Wenn man das Teil nur im Studio benutzen möchte, würde ich zu einer Softwarelösung plus Padcontroller raten. Beispiele wären NI Maschine (soll ziemlich geil sein laut Kollegen) oder die Kombination Cubase inkl. GrooveAgent plus Korg nanoPad. So etwas finde ich sehr schön flexibel.

Wenn eine rechnerbasierte Lösung ausscheidet, dann haben andere hier im Thread schon klasse Tipps gegeben, die ich nicht zu toppen wüsste. Korg, Yamaha, ach so, von Dave Smith Instruments gibt es den "Tempest", der gut sein soll, auch vom Electronics Beat Thang von Beat Kangz habe ich mal einen sehr positiven Review gelesen.

Für die Bühne oder unterwegs ohne Rechner habe ich mich übrigens zu einer ganz anderen Lösung entschlossen, mit der ich absolut zufrieden bin: Der Korg microSampler.

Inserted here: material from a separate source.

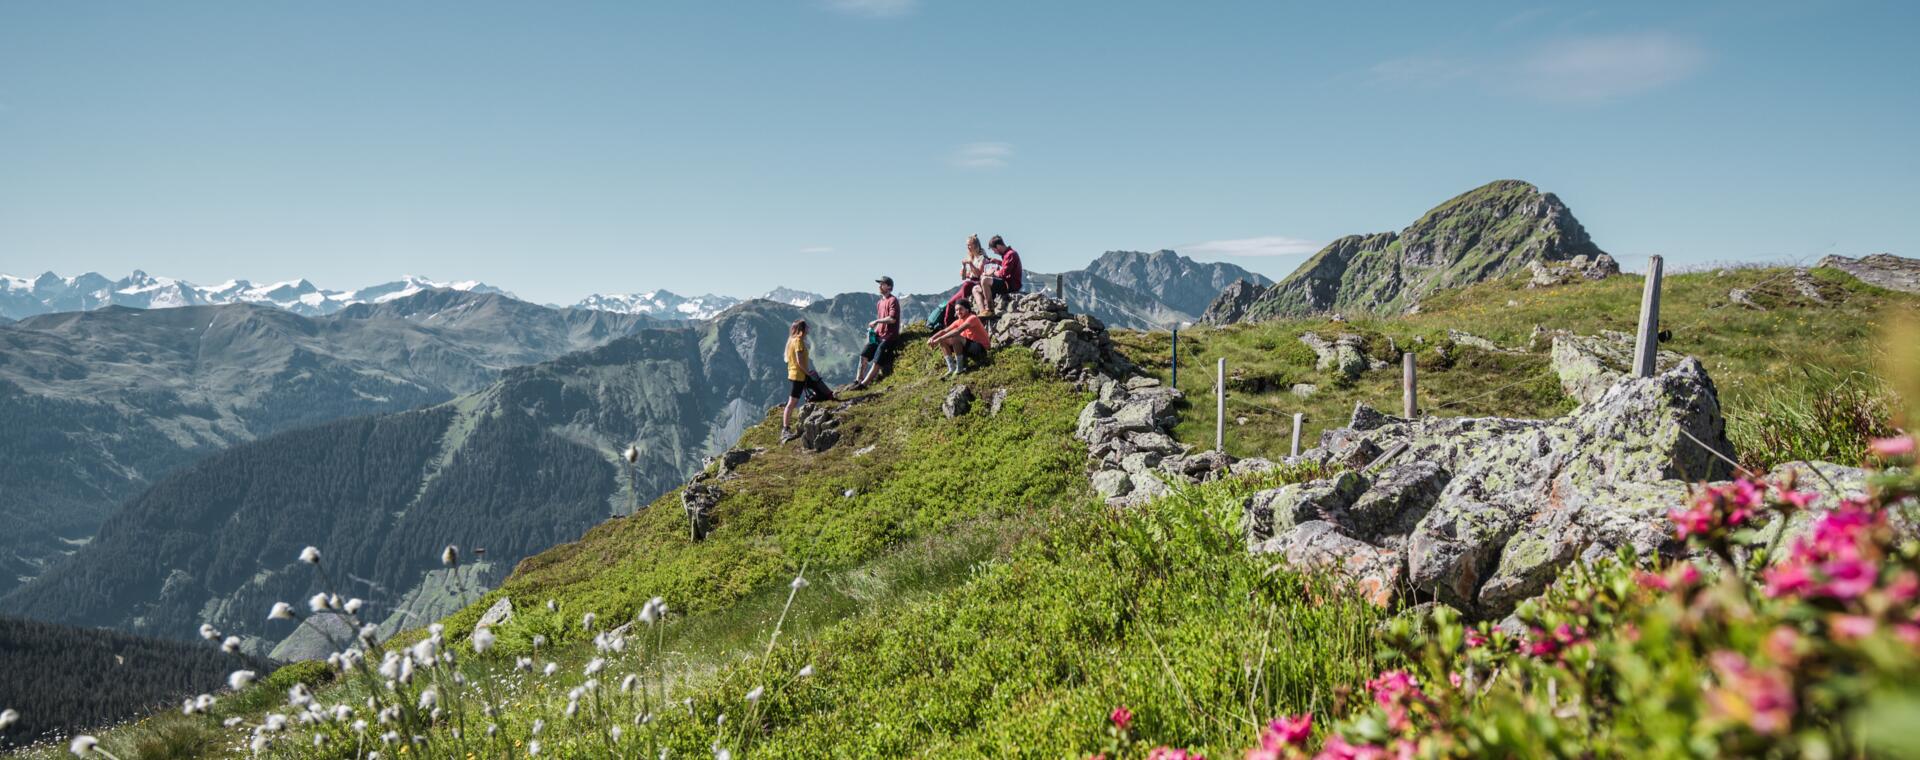 hiking in a group in Saalbach | © Mia Knoll

Ich hab mir ein paar Drumsetups zusammengebastelt, dazu ein paar Standardinstrumente - Bässe, (E-)Pianos, Orgeln, Strings und Synth - und damit kann ich unterwegs prima Songs basteln, Grooves programmieren, Gitarrenlicks samplen etc.
Keine Groovebox, aber gleiche Funktion.
 
Wenn man das Teil nur im Studio benutzen möchte, würde ich zu einer Softwarelösung plus Padcontroller raten. Beispiele wären NI Maschine (soll ziemlich geil sein laut Kollegen) oder die Kombination Cubase inkl. GrooveAgent plus Korg nanoPad.
Das Konzept hat sich AKAI auch schon abgeschaut: MPC Renaissance. :D
 
Das wäre für mich dann aber der falsche Pad-Hersteller :eek:

(Nein, im Ernst: Ich kann die MPC-Pads nicht tutti kompletti verdammen, weil ich sie schlicht und einfach zu wenig kenne. Ich kann wirklich nur für die 500er sprechen. Die anderen MÜSSEN eigentlich toll sein, sonst würden nicht so viele Beat-Schrauber auf die Dinger abfahren.)
 
Eine Anmerkung: Eine MIDI-Tastatur bietet 127 Velocity-Stufen. Drum-Pads bieten oft nur 8 Velocity-Stufen. Das müsste man dann in den technischen Daten des jeweiligen Geräts nachschauen. Wobei man bei der Groove-Programmierung die Werte lieber doch im Editor als Zahlen angibt. Und da unterstützen die meisten Geräte (bzw. Software) dann doch wieder die volle MIDI-Auflösung.